This work addresses the minimal parameter count required for Lipschitz-robust interpolation by overparameterized models. Extending the Bubeck–Sellke lower bound—originally established for squared loss and scalar responses—to general Bregman divergences (e.g., cross-entropy, squared error) and vector-valued outputs, the authors reformulate the proof within a bias–variance decomposition framework, circumventing reliance on Rademacher complexity. Instead, they directly leverage properties of Bregman divergences, concentration inequalities, and Lipschitz constraints. Their key contribution is the first unified robustness law: for any Bregman loss, $d$-dimensional inputs, and $m$-dimensional outputs, achieving Lipschitz interpolation necessitates $Omega(n + d)$ parameters, where $n$ is the sample size. This lower bound reveals the fundamental necessity of overparameterization in generalized loss settings and multi-output learning, unifying and generalizing prior results on robust interpolation.

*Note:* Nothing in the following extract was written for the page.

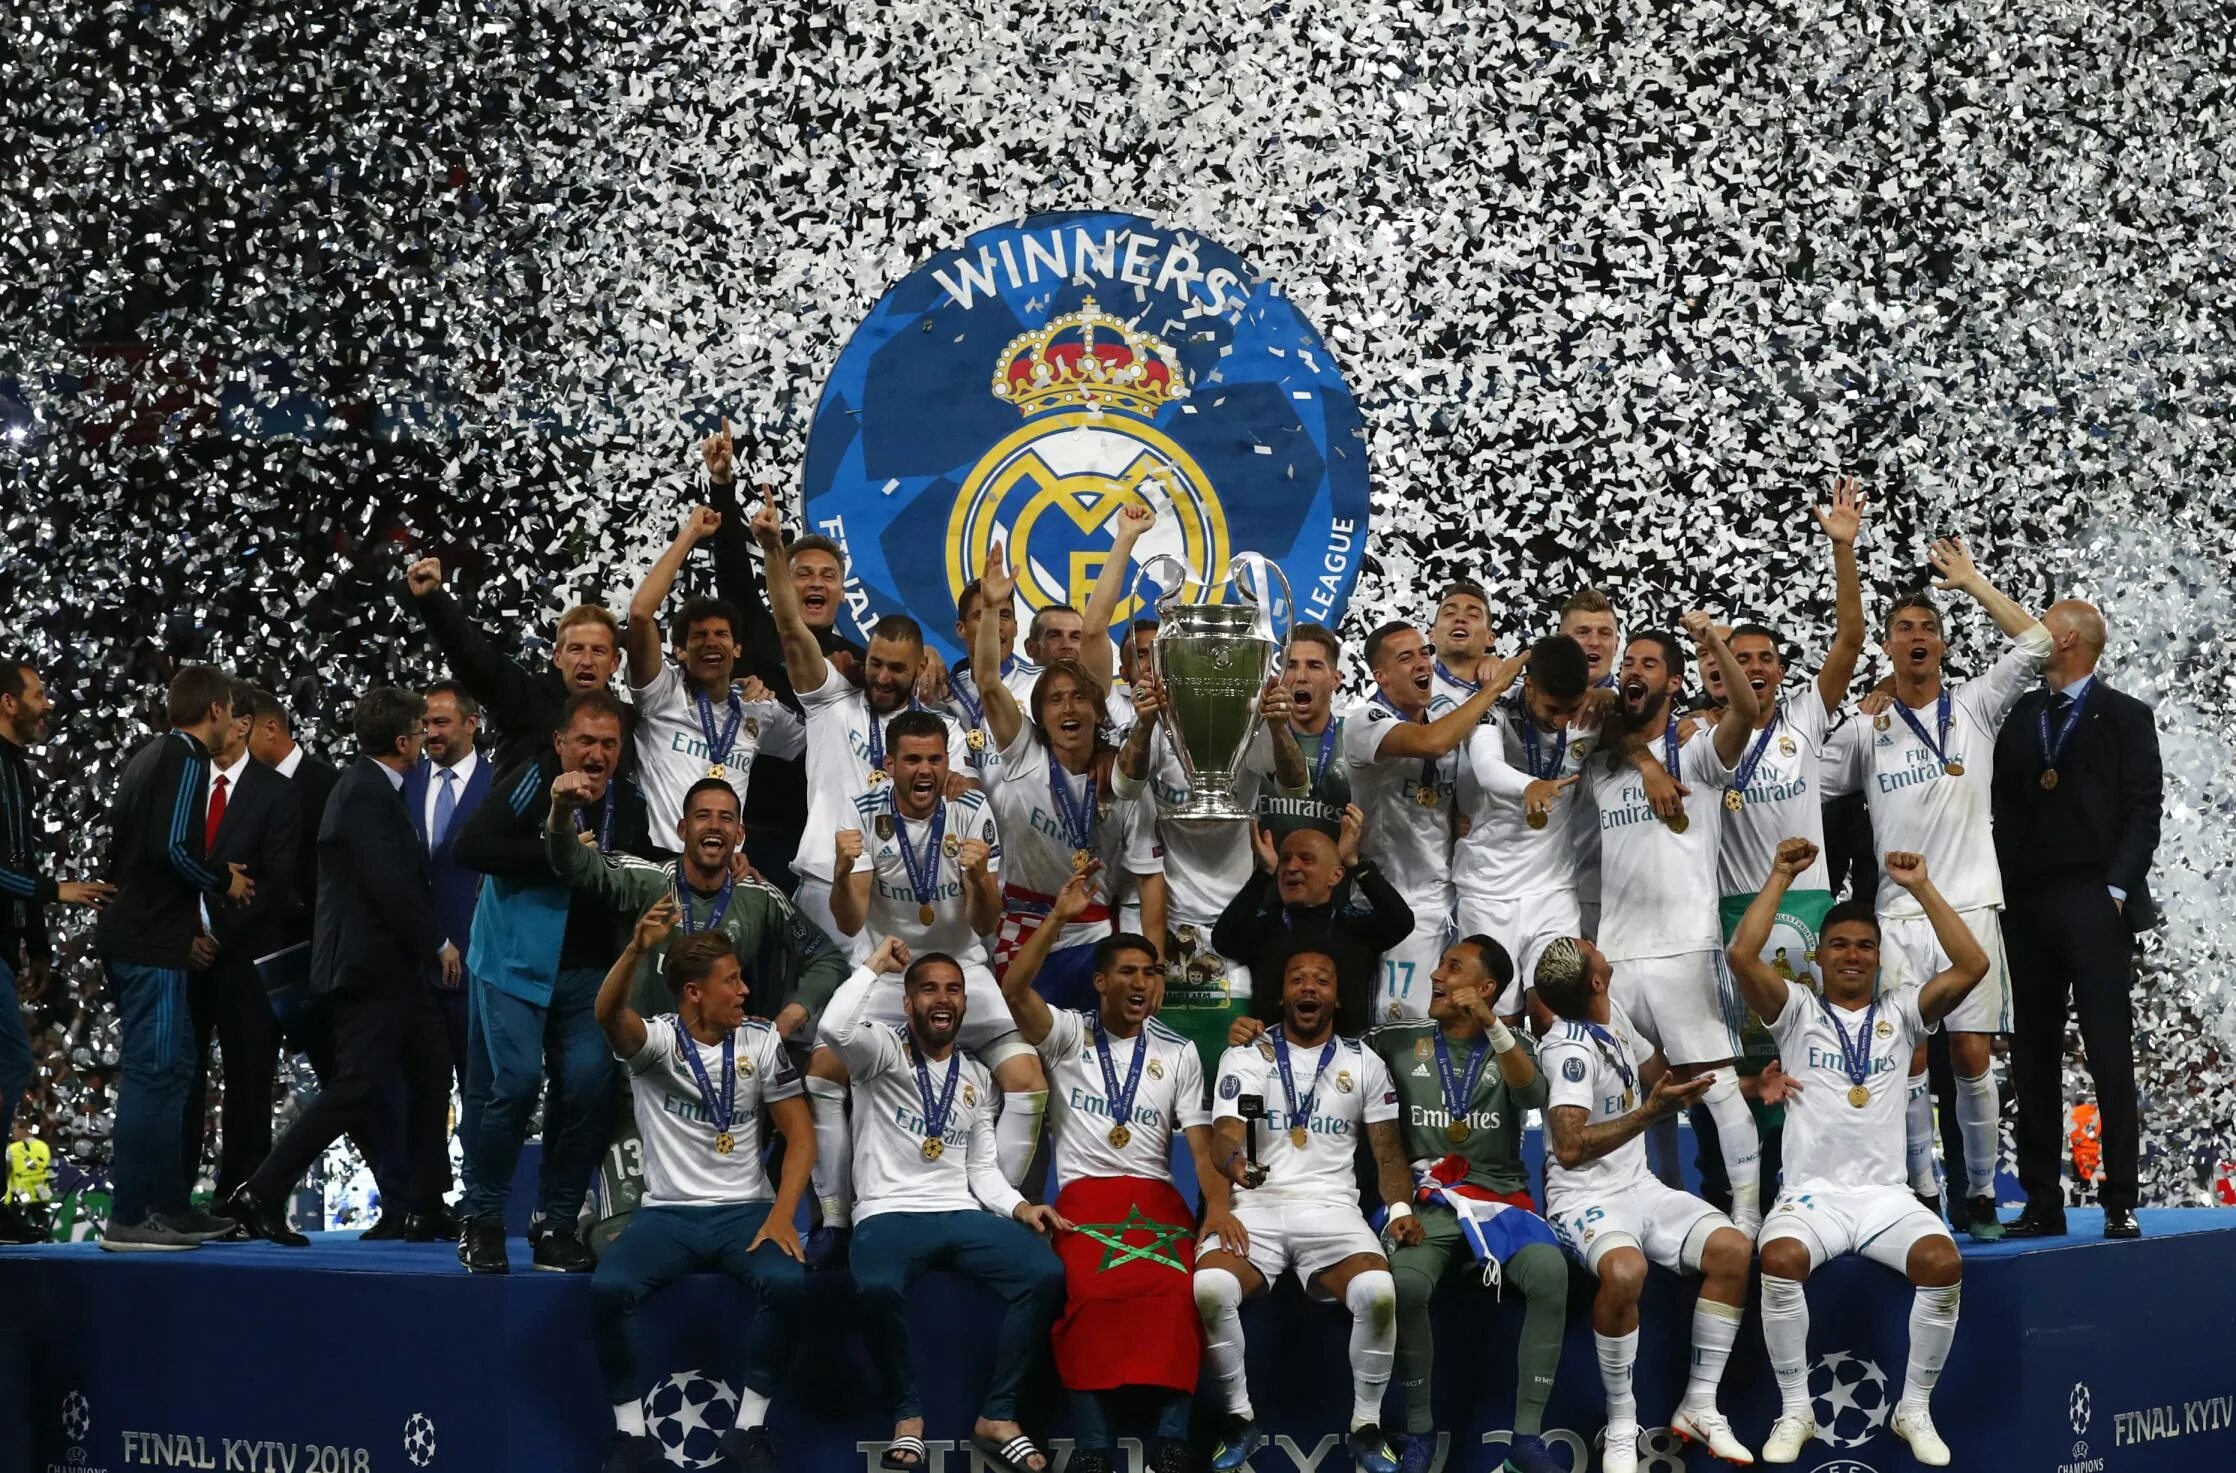 Uefa finals. Реал Мадрид финал Лиги чемпионов 2018. Htfk vflhbl abyfk KX. Реал Мадрид победитель Лиги чемпионов 2017. Реал Мадрид победитель Лиги чемпионов 2018.

In contemporary deep learning practice, models are often trained to near zero loss i.e. to nearly interpolate the training data. However, the number of parameters in the model is usually far more than the number of data points n, the theoretical minimum needed for interpolation: a phenomenon referred to as overparameterization. In an interesting piece of work, Bubeck and Sellke considered a natural notion of interpolation: the model is said to interpolate when the model's training loss goes below the loss of the conditional expectation of the response given the covariate. For this notion of interpolation and for a broad class of covariate distributions (specifically those satisfying a natural notion of concentration of measure), they showed that overparameterization is necessary for robust interpolation i.e. if the interpolating function is required to be Lipschitz. Their main proof technique applies to regression with square loss against a scalar response, but they remark that via a connection to Rademacher complexity and using tools such as the Ledoux-Talagrand contraction inequality, their result can be extended to more general losses, at least in the case of scalar response variables. In this work, we recast the original proof technique of Bubeck and Sellke in terms of a bias-variance type decomposition, and show that this view directly unlocks a generalization to Bregman divergence losses (even for vector-valued responses), without the use of tools such as Rademacher complexity or the Ledoux-Talagrand contraction principle. Bregman divergences are a natural class of losses since for these, the best estimator is the conditional expectation of the response given the covariate, and include other practical losses such as the cross entropy loss. Our work thus gives a more general understanding of the main proof technique of Bubeck and Sellke and demonstrates its broad utility.